How We’ve Changed in a Year

It’s really hard to think about everything that we went through in 2020. I remember the beginning of the year and thinking about everything that I had planned in my head for myself and for my family. This week last year, I planned to have a group of powerful women over to my house for brunch and talk on how we were going to conquer the world in front of us. I had planned to introduce all of those powerful women to my little lady, since she would’ve only been 7 months a year ago. I planned on having all my friends who had children around the same time I did over during the summer so our kids could play and grow together. I planned on going on vacation with my little family, taking baby girl on road trips and doing other fun things with her.

It was going that way. In February, my job allowed me to go to San Diego for a conference that blew my mind at Scripps, and we all went together, drove up to Los Angeles, visited my friend and even had a canceled flight. Then I remember coming home and going to get my nails done with my sister, only to hear that Kobe Bryant had been killed in a helicopter crash. I think that was what started it all in my mind.

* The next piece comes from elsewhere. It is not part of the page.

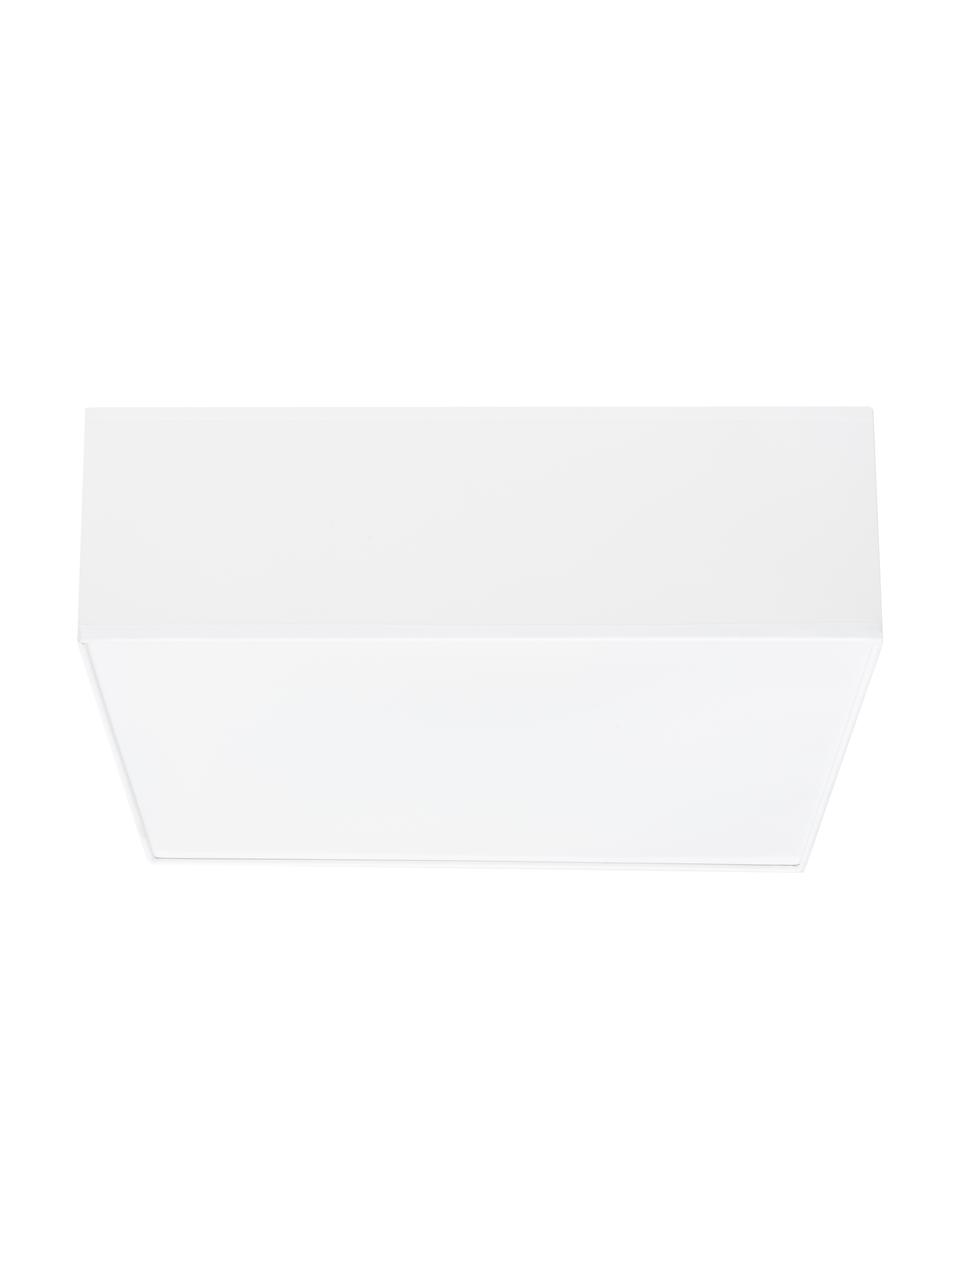 Deckenleuchte Mitra aus Kunststoff, Kunststoff (PVC), Rahmen: Weiß<br>Diffusor: Weiß, 35 x 12 cm

Little did we know what this pandemic would really bring us. I remember hearing about it and seeing what was happening in Italy and other parts of Europe. When it got here, I remember hearing about what it would take to stop it. March 16 of last year was the first day of our lock down. My husband and I became coworkers, sharing our office in the house and we figured out how to have someone here to watch our daughter.

Then so many other things happened. We were making our own masks at one point, not wanting to leave the house for anything. I changed jobs and still have my stuff at the old office. My anxiety grew as did my cabin fever and just hearing about people contracting the virus gave me pause. At the same time, I also decided to start my weight loss, started walking almost daily due to anxiety above everything and I was grateful to be home during my daughter’s first year.

In August, we celebrated our baby’s first birthday with a spectacular front lawn set up, drive by drop offs and lots of Sesame Street. In November, my husband got the virus and for 2 weeks, it was just us in the house. It was the loneliest time, but one that showed me just how much I could do on my own. I say that COVID made me a single mom for a while there.

As this year progressed, COVID started hitting home as people we knew were contracting it and were also unable to fight it. Too many people were lost in this war against the pandemic. One of my best friends was and still is traveling around the country as a nurse, helping out where it’s needed and putting her own life on the line, as well as her families.

The end is in sight now. We have three vaccines that are being distributed slowly but surely and folks are being told that going back to an office setting may be possible by September. We’ve come along this long and winding road and learned to manage. We learned how to still have award shows, still work, still stay connected to those we know and love.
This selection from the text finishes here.